For those wondering about the capacities of the Micro Mill, I just finished cutting a dovetailed slot in a steel toolholder for my lathe.

The slot was .200 deep and .825 across. The tool was 1.5 inch wide. The dovetail was 60 degrees.

I was able to cut .200 deep by .010 with a 3/8 inch HSS 2 flute end mill. Feed rate was between .025 and .050 per second. The finish coume out real nice.

Daniel


----------



## Anglepoise (Jul 9, 2005)

The beautifully thing about our hobby is that we have time. Thus we can, in some cases, have smaller and less rigid equipment ( less $$$ ). Its amazing what can be done in regards to milling with slow feed and small cuts.


----------



## gadget_lover (Jan 13, 2006)

I was doing some plunge cuts with my micromill and discovered a deficiency in my mill. I don't know if it's normal or just me. I was using an end mill to create a recess for the shoulder of my lathe's compound leadscrew. The compound was suffering from backlash that was visible to _my_ naked eye. That's pretty bad. The leadscrew was bearing against the DRO's shaft and it owuld bind if I did anything to take up the slack. But I degress.

I was making a simple .120 deep pocket in a small piece of aluminum with a 1/2 inch 2 flute center cutting end mill. I'd already drilled the 3/8 inch hole for the shaft. As the mill approached the .100 mark the chatter increased whenever I advanced it more than 1 or 2 thou per second. I have a dial indicator mounted on the mill so I can monitor the quill travel with some precision.

I realized that each time the mill chattered, the quill was moving downward 5 thou or so. I think the sides of the mill were catching and pulling the mill into the aluminum. The play that allowed this was in the "micro feed" mechanism. It has tons of slop in it's engagement mechanism. I don't normally notice it because the return spring normally takes the play out.

I'll be machining a new mechanism when I have a few minutes to spare.

Daniel


----------



## HarryN (Jan 13, 2006)

Daniel - I keep telling you, we need to do a joint CNC purchase on one with a bit of umph. Forget the mini.  :laughing:


----------



## wquiles (Jan 13, 2006)

HarryN said:


> Daniel - I keep telling you, we need to do a joint CNC purchase on one with a bit of umph. Forget the mini.  :laughing:


With friends like Harry you better lock up your wallet/Paypal account - he provides too much encouragement to spend "your" money  

Will


----------



## scott.cr (Jan 13, 2006)

> This machine does not have a tilting head, so you don't have to worry about trueing it up (Tramming).

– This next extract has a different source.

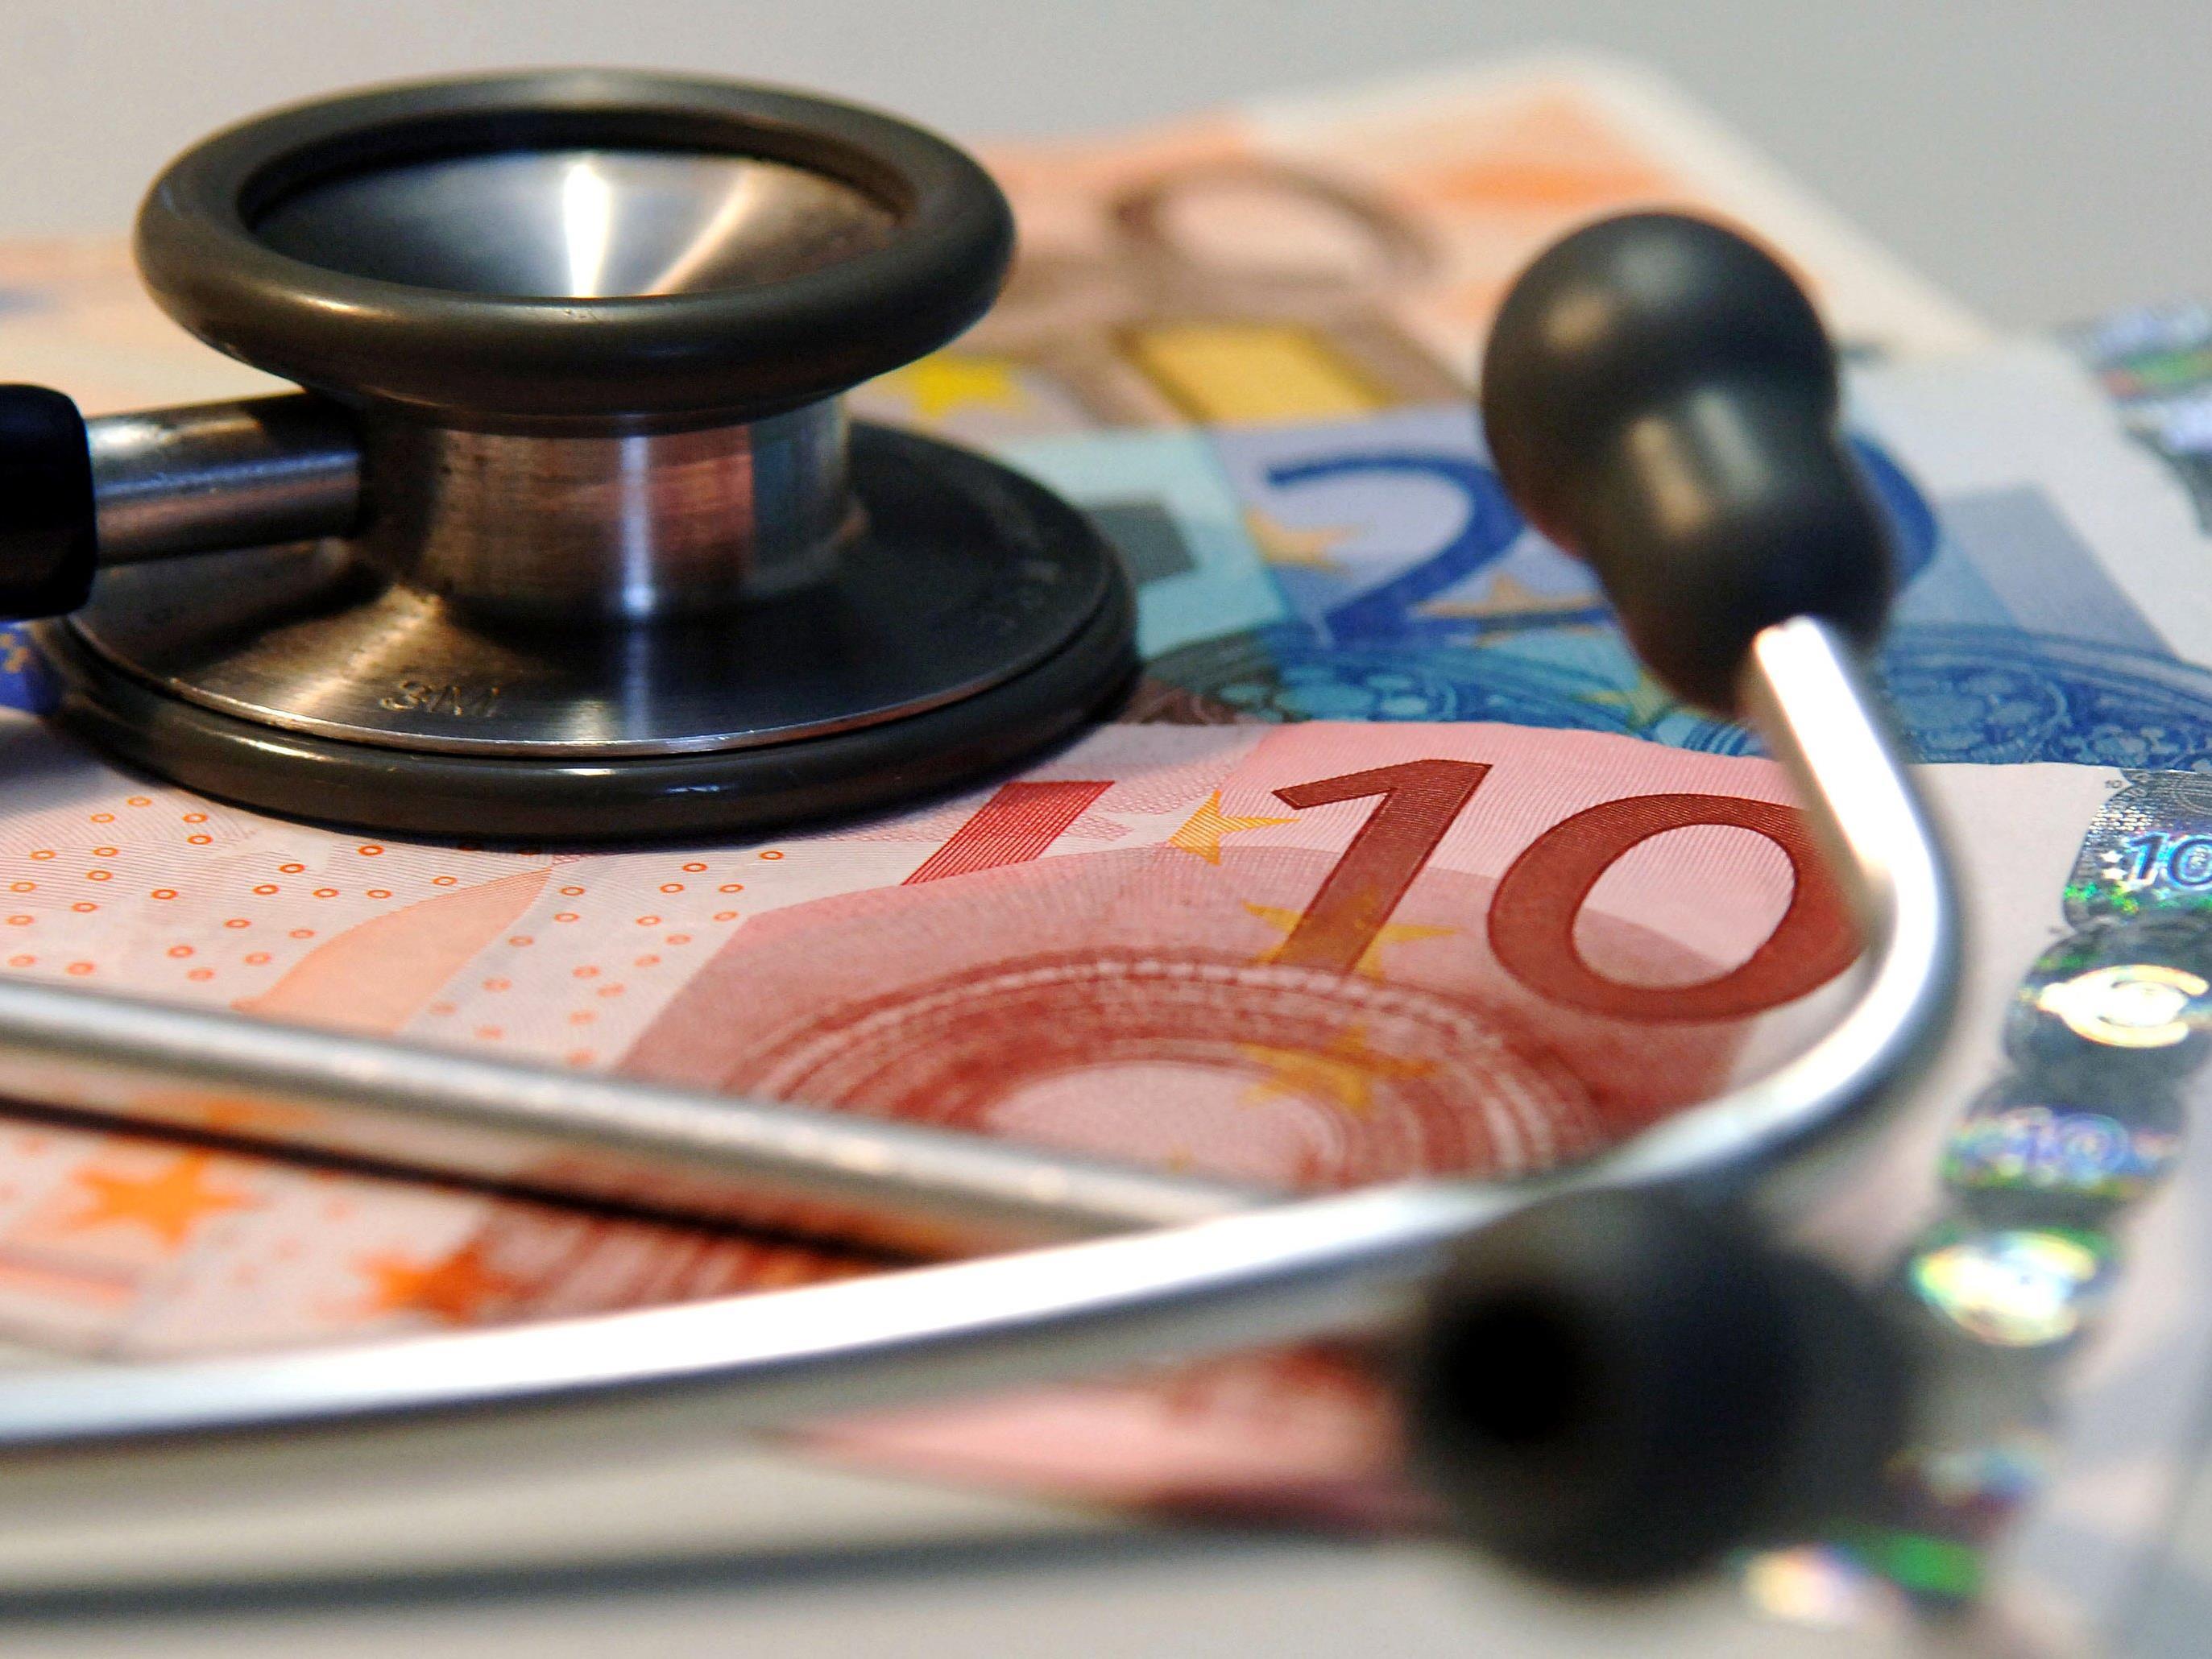 Die Krankenkassen rechnen mit einem Überschuss von 48 Millionen Euro.

Actually, you should still tram this mill. But before you do, solidly mount a dial indicator and put the plunger on the table. Cycle the table through its full X and Y travel. The indicator should not budge. If it does, the table has a taper. The first mini mill I purchased from HF had .009" taper, which I had to correct, or optionally shim every workpiece, which was a pain.

You probably already know how to check the tram... but to change it you have to unbolt the column and put a shim under the side to make things perfectly square. Sounds painful, but it's not that bad (maybe 20 mins work).  Of course tramming is only important if you want your parts to cut flat... having a column that's not precisely square will cause the end mill or fly cutter to cut concave.


----------



## gadget_lover (Jan 14, 2006)

Damn you Scott! I was totally happy with my mill as it was set up, and now you have to go and say that!



(I'm not really upset).


I thought about your post , and you are right. I should have checked it beyond the simple test of milling a flat, reversing the piece and re-milling.


I put the test indicator in the chuck and ran the table in all 4 directions. The x axis is within .00025 (1/2 of a division) over it's full travel.. The Y is within .0005 for the first 3 "slats" of the table. I don't know the correct name of the individual surfaces between the T-nut slots. The last slat appears to be .0015 high. I confirmed that first by setting a parallel across it and shining my EDC under it. There was a sliver of light. Then I measured from the parallel to the table with the parallel across only the first 3 slats and again across all 4 slats. The parallel was definitely off the center slats.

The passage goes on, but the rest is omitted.